Maggi Cary, MD MBA MPH

During my residency training “Private pay” entered on patients’ check in sheets often meant “no pay.”  Anyone with financial assets to protect would have medical insurance.  “No pay” was code for negative wallet biopsy.  Two words took less time to write than “Doesn’t have medical insurance, assets or salary to cover bills so this one is free.”

If these folks landed in a private hospital, they were often shipped to the county hospital.  This was before EMTALA (Emergency Medical Treatment and Active Labor Act, also known as the patient anti-dumping law) made this illegal.  The transferring physician would say to the resident on call, “This is a good teaching case,” another synonym for negative wallet biopsy.

In my last essay I mentioned Medicare would no longer pay for some hospital-acquired infections and medical errors.  The headline on Robert Pear’s front page story in Sunday’s New York Times reads “Medicare Says It Won’t Cover Hospital Errors.”

Medicare funding has joined the “no pay” ranks for some avoidable errors.  As Medicare mandates, so will other payers line up behind Medicare. 
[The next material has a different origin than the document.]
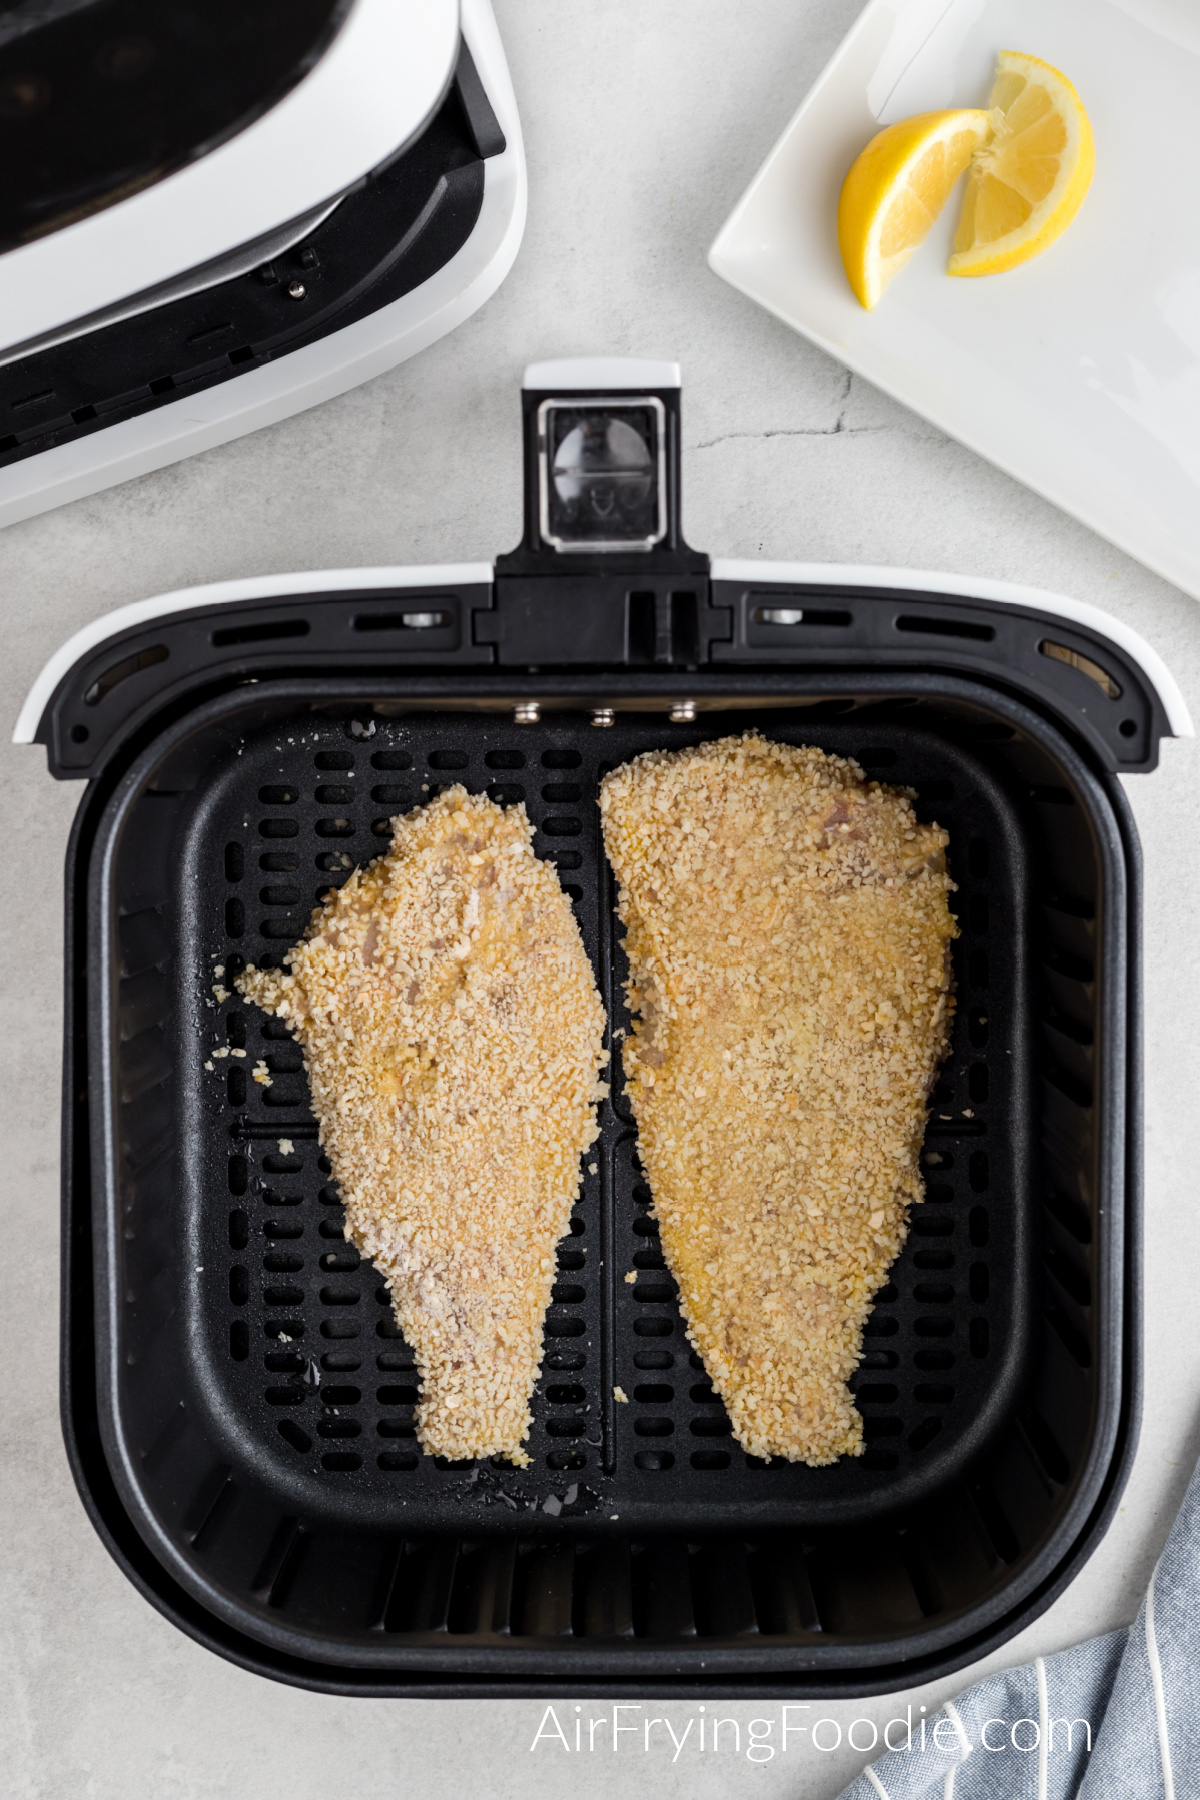 Breaded fish in air fryer basket, ready to cook.

Lots of consulting opportunities here.  Hospitals and consultants may focus their efforts on following the spirit of the Medicare guidelines, perhaps even aspiring to the goals I mentioned in my last essay—that we should have a system that is transparent, quality-driven and does not distort economic incentives.

Or maybe not.

Skip to the last paragraph in the Robert Pear article and read the quote from Ken Kizer, who had the vision to turn the Veterans Health Administration from backwater healthcare system to the best in the country.

“I applaud the intent of the new Medicare rules, but I worry that hospitals will figure out ways to get around them. The new policy should be part of a larger initiative to require the reporting of health care events that everyone agrees should never happen. Any such effort must include a mechanism to make sure hospitals comply.”

Well said.

Yes, there are numerous consulting opportunities here.  When I had my own medical practice I took the billing courses that taught us how to unbundle services, separating medical treatment components into separately billable procedures.  This was legal then, at least in the letter of the law.  We could get paid more for exactly the same services.
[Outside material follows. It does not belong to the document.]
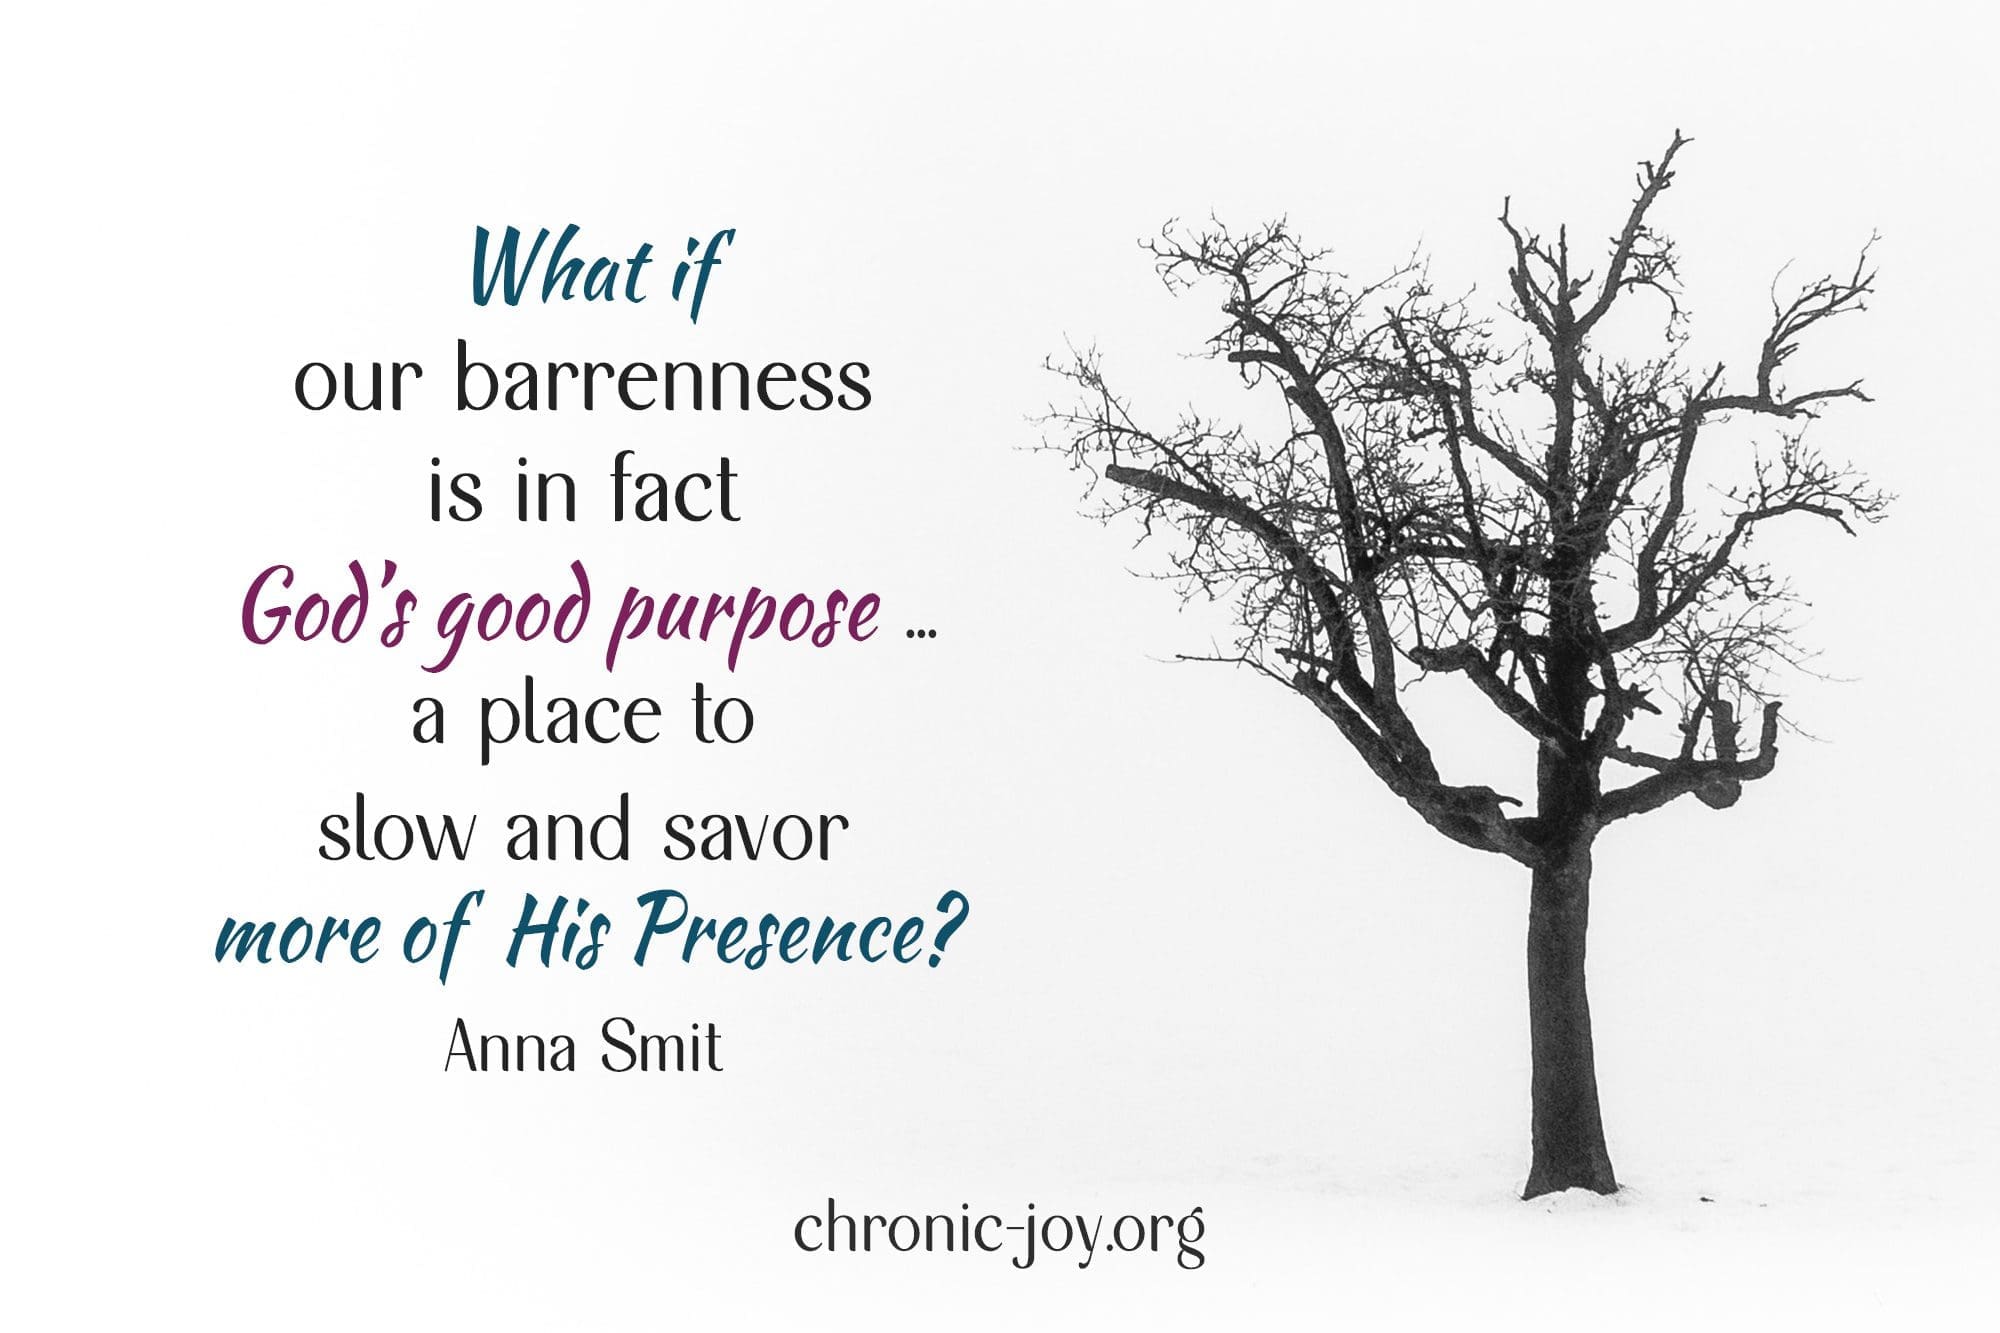 "What if our barrenness is in fact God’s good purpose ... a place to slow and savor more of His Presence?" Anna Smit

Except that merely getting paid more for the same work does not create value to anyone but the folks who are getting paid.  It does not include transparency or quality and certainly does not align economic incentives.

I wonder whether in the short term hospitals and consultants will follow the spirit of the Medicare guidelines or focus on gaming the system.

Dr. Maggi Cary is Director of the Washington, DC office of the Institute for Medical Leadership. Click here to read her other posts. You can reach Dr. Cary at mcary@medleadership.com.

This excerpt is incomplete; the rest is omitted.